Exercise requirements
Retype the records below exactly. Leave nothing out.
_ _ _ _
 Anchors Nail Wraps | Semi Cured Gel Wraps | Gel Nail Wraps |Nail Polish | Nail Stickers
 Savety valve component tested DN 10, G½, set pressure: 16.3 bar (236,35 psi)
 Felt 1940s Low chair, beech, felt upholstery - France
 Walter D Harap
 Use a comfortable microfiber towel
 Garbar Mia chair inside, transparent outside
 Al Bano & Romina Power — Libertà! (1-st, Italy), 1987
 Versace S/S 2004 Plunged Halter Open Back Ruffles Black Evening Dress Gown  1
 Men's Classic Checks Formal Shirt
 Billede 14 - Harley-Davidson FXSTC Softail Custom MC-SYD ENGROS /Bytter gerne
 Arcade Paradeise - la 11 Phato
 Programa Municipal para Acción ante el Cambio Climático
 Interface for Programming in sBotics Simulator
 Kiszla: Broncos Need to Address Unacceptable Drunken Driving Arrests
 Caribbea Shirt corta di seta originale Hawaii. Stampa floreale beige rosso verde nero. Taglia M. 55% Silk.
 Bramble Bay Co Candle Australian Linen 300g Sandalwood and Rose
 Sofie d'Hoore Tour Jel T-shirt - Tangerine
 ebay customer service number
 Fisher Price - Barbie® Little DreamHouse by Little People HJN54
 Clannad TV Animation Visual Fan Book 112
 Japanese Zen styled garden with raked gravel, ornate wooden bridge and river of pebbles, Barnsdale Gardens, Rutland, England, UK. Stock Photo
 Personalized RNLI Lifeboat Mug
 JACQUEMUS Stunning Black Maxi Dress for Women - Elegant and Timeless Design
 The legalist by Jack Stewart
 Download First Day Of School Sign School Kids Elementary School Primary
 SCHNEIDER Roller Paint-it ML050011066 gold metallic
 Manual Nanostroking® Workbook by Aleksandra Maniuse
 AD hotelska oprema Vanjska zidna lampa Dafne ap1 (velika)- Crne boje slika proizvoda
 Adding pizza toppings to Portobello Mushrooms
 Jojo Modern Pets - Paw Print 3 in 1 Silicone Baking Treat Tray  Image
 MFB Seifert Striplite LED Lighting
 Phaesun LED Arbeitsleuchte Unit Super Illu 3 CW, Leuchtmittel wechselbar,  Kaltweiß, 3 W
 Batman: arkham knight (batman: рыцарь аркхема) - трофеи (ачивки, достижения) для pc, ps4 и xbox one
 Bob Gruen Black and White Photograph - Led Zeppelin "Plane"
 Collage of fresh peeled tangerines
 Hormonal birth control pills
_ _ _ _
Response
 Anchors Nail Wraps | Semi Cured Gel Wraps | Gel Nail Wraps |Nail Polish | Nail Stickers
 Savety valve component tested DN 10, G½, set pressure: 16.3 bar (236,35 psi)
 Felt 1940s Low chair, beech, felt upholstery - France
 Walter D Harap
 Use a comfortable microfiber towel
 Garbar Mia chair inside, transparent outside
 Al Bano & Romina Power — Libertà! (1-st, Italy), 1987
 Versace S/S 2004 Plunged Halter Open Back Ruffles Black Evening Dress Gown  1
 Men's Classic Checks Formal Shirt
 Billede 14 - Harley-Davidson FXSTC Softail Custom MC-SYD ENGROS /Bytter gerne
 Arcade Paradeise - la 11 Phato
 Programa Municipal para Acción ante el Cambio Climático
 Interface for Programming in sBotics Simulator
 Kiszla: Broncos Need to Address Unacceptable Drunken Driving Arrests
 Caribbea Shirt corta di seta originale Hawaii. Stampa floreale beige rosso verde nero. Taglia M. 55% Silk.
 Bramble Bay Co Candle Australian Linen 300g Sandalwood and Rose
 Sofie d'Hoore Tour Jel T-shirt - Tangerine
 ebay customer service number
 Fisher Price - Barbie® Little DreamHouse by Little People HJN54
 Clannad TV Animation Visual Fan Book 112
 Japanese Zen styled garden with raked gravel, ornate wooden bridge and river of pebbles, Barnsdale Gardens, Rutland, England, UK. Stock Photo
 Personalized RNLI Lifeboat Mug
 JACQUEMUS Stunning Black Maxi Dress for Women - Elegant and Timeless Design
 The legalist by Jack Stewart
 Download First Day Of School Sign School Kids Elementary School Primary
 SCHNEIDER Roller Paint-it ML050011066 gold metallic
 Manual Nanostroking® Workbook by Aleksandra Maniuse
 AD hotelska oprema Vanjska zidna lampa Dafne ap1 (velika)- Crne boje slika proizvoda
 Adding pizza toppings to Portobello Mushrooms
 Jojo Modern Pets - Paw Print 3 in 1 Silicone Baking Treat Tray  Image
 MFB Seifert Striplite LED Lighting
 Phaesun LED Arbeitsleuchte Unit Super Illu 3 CW, Leuchtmittel wechselbar,  Kaltweiß, 3 W
 Batman: arkham knight (batman: рыцарь аркхема) - трофеи (ачивки, достижения) для pc, ps4 и xbox one
 Bob Gruen Black and White Photograph - Led Zeppelin "Plane"
 Collage of fresh peeled tangerines
 Hormonal birth control pills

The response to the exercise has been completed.